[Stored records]

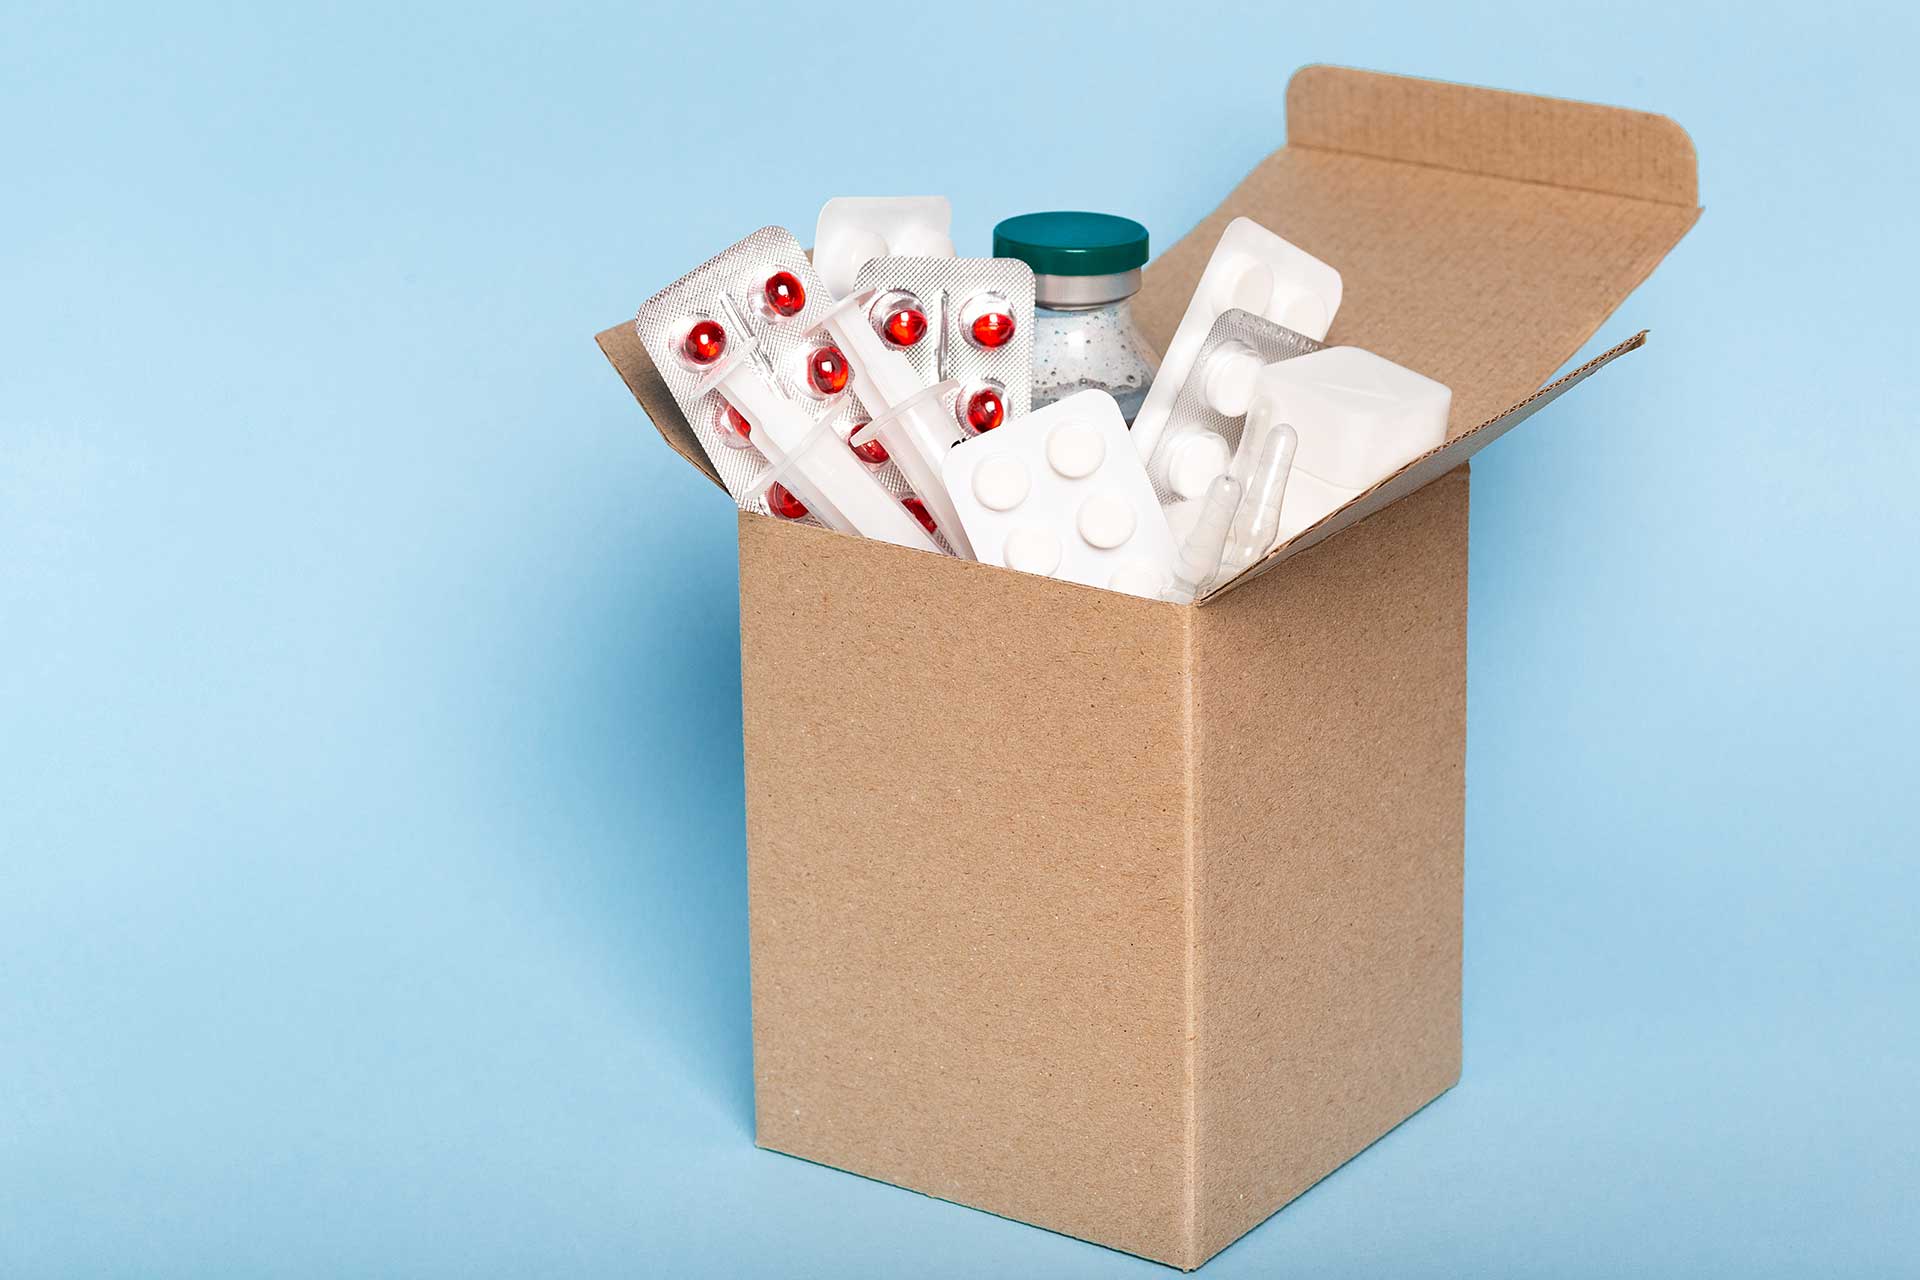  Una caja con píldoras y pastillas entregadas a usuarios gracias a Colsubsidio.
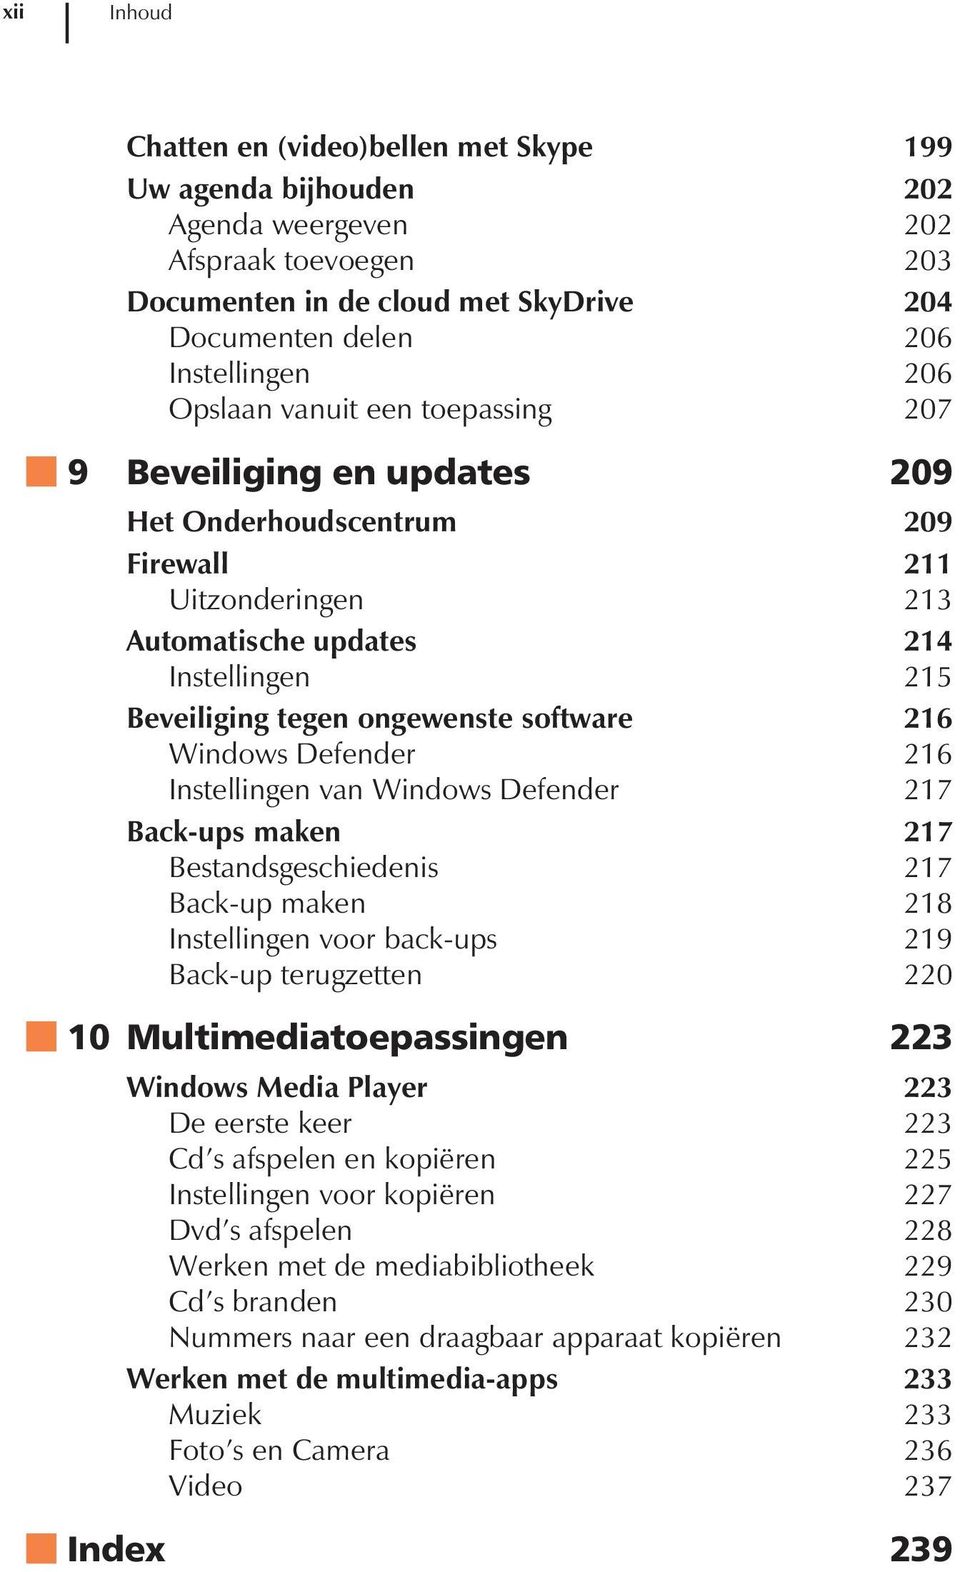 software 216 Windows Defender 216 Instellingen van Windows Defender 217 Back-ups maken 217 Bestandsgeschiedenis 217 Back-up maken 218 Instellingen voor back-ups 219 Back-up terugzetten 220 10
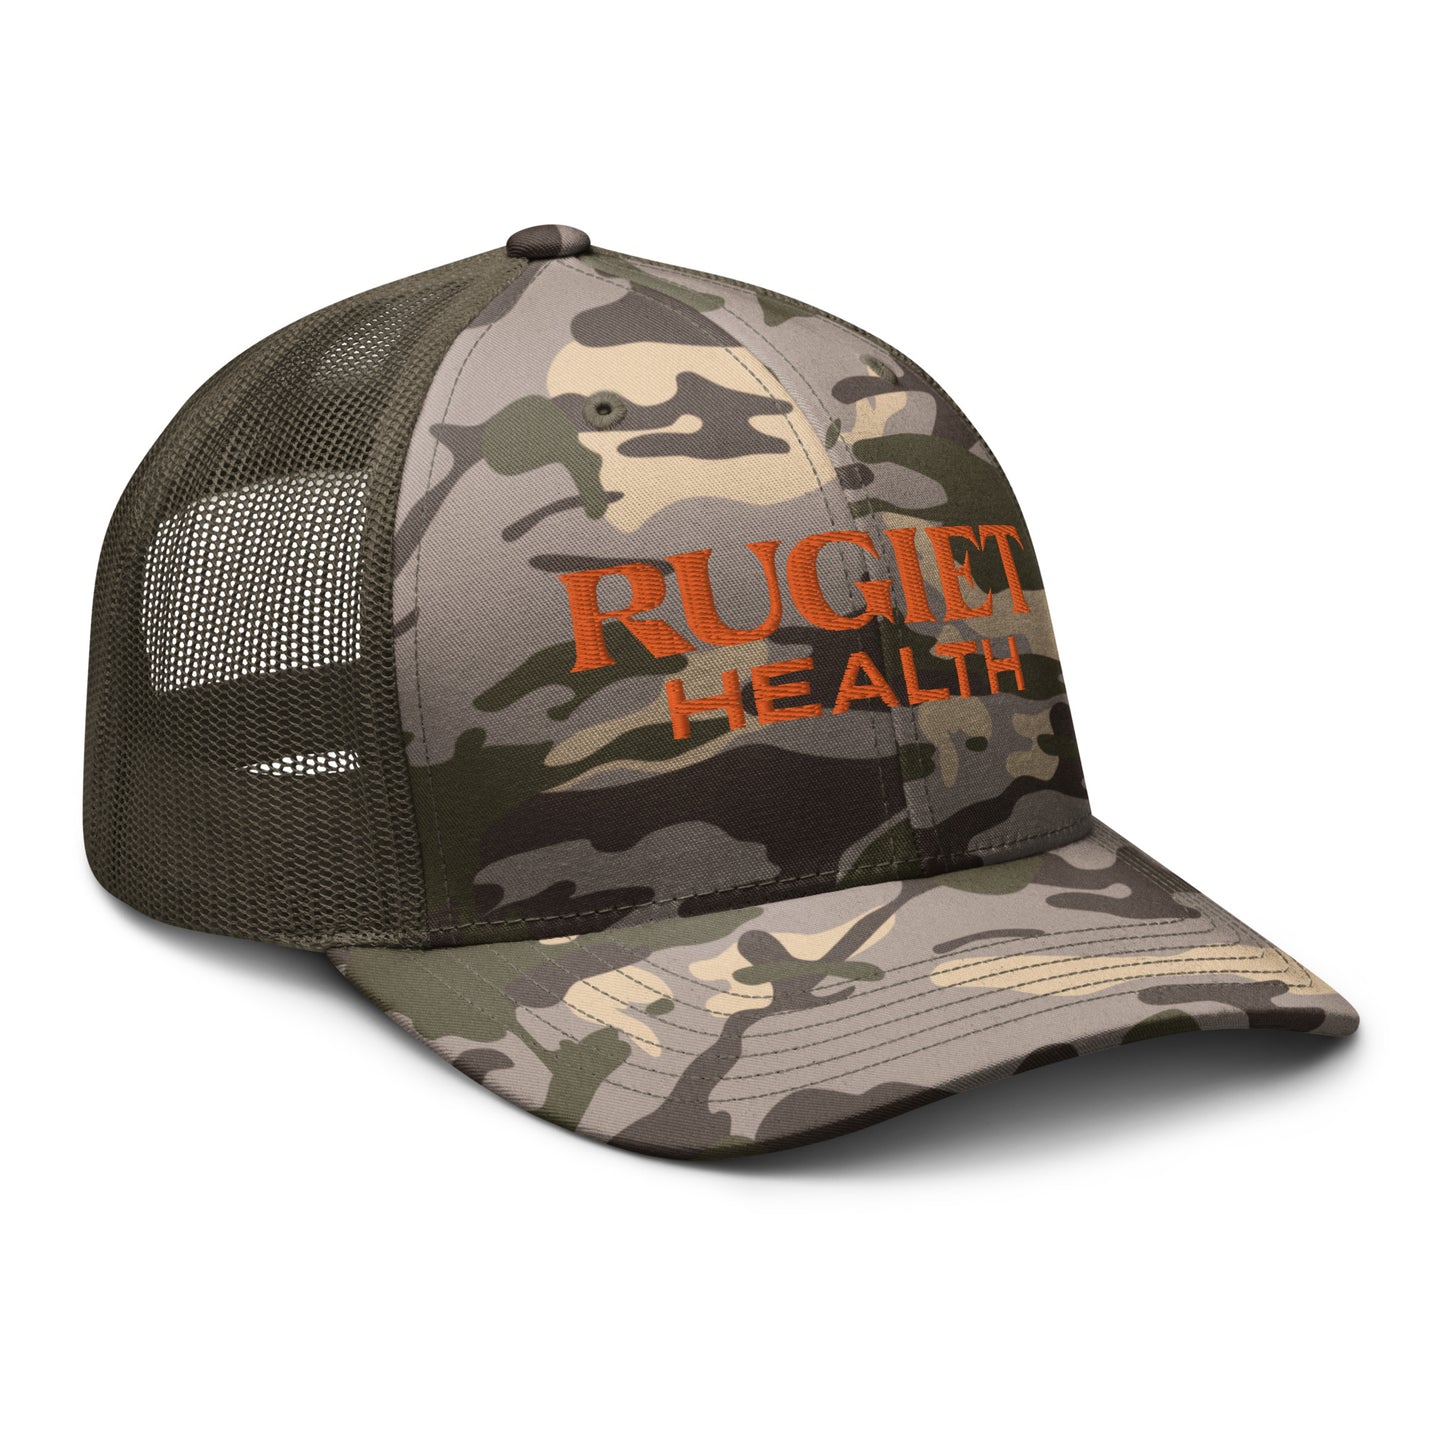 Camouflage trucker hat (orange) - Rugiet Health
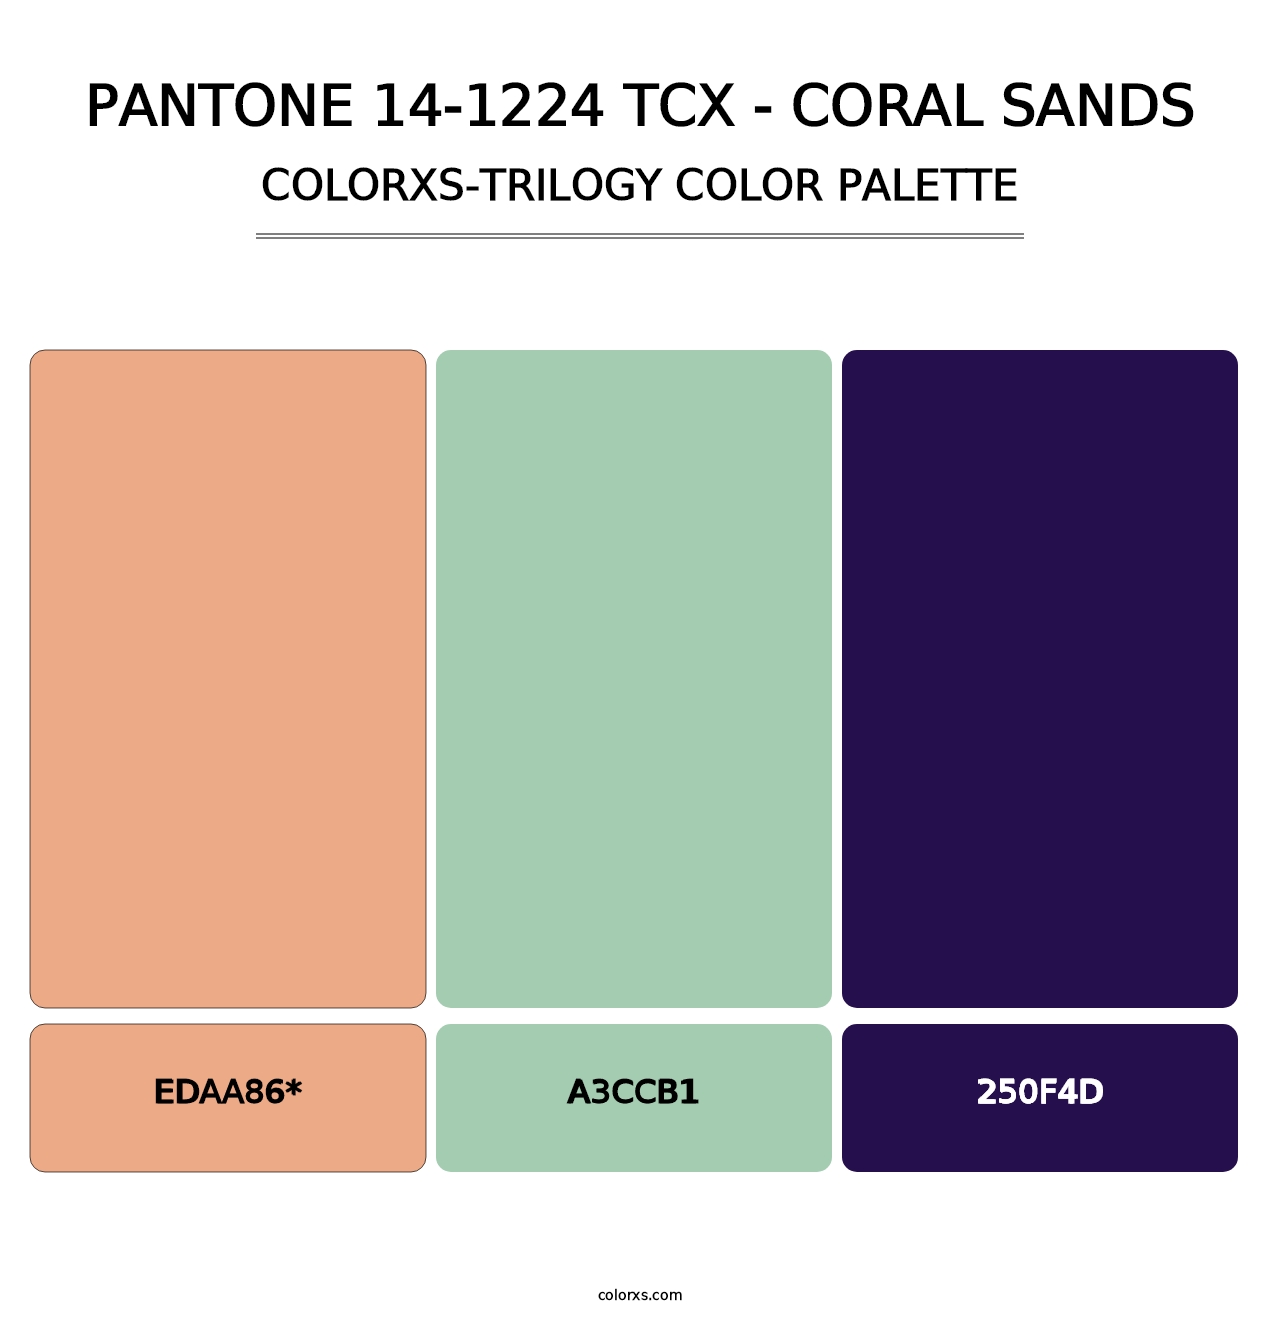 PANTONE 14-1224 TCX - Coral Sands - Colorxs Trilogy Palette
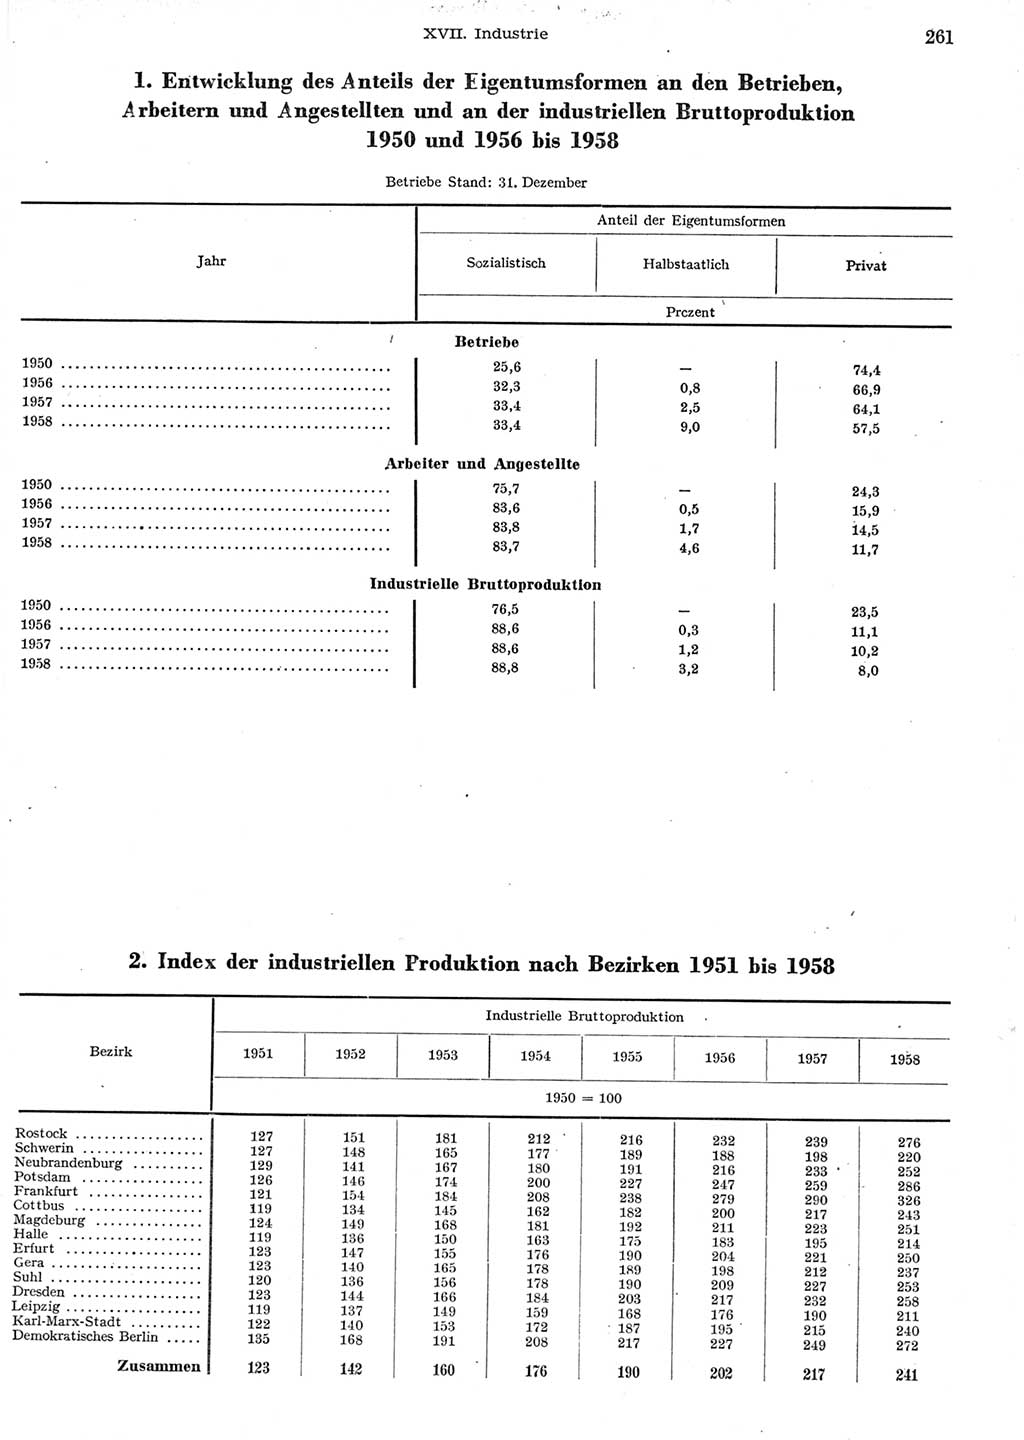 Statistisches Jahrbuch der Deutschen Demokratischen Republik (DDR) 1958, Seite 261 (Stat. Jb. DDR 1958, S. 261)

Exercise directions =
Transcribe the records above exactly, leaving out every picture.

Exercise answer =
  Una caja con píldoras y pastillas entregadas a usuarios gracias a Colsubsidio.
 software 216 Windows Defender 216 Instellingen van Windows Defender 217 Back-ups maken 217 Bestandsgeschiedenis 217 Back-up maken 218 Instellingen voor back-ups 219 Back-up terugzetten 220 10
 Camouflage trucker hat (orange) - Rugiet Health
 PANTONE 14-1224 TCX - Coral Sands - Colorxs Trilogy Palette
 Statistisches Jahrbuch der Deutschen Demokratischen Republik (DDR) 1958, Seite 261 (Stat. Jb. DDR 1958, S. 261)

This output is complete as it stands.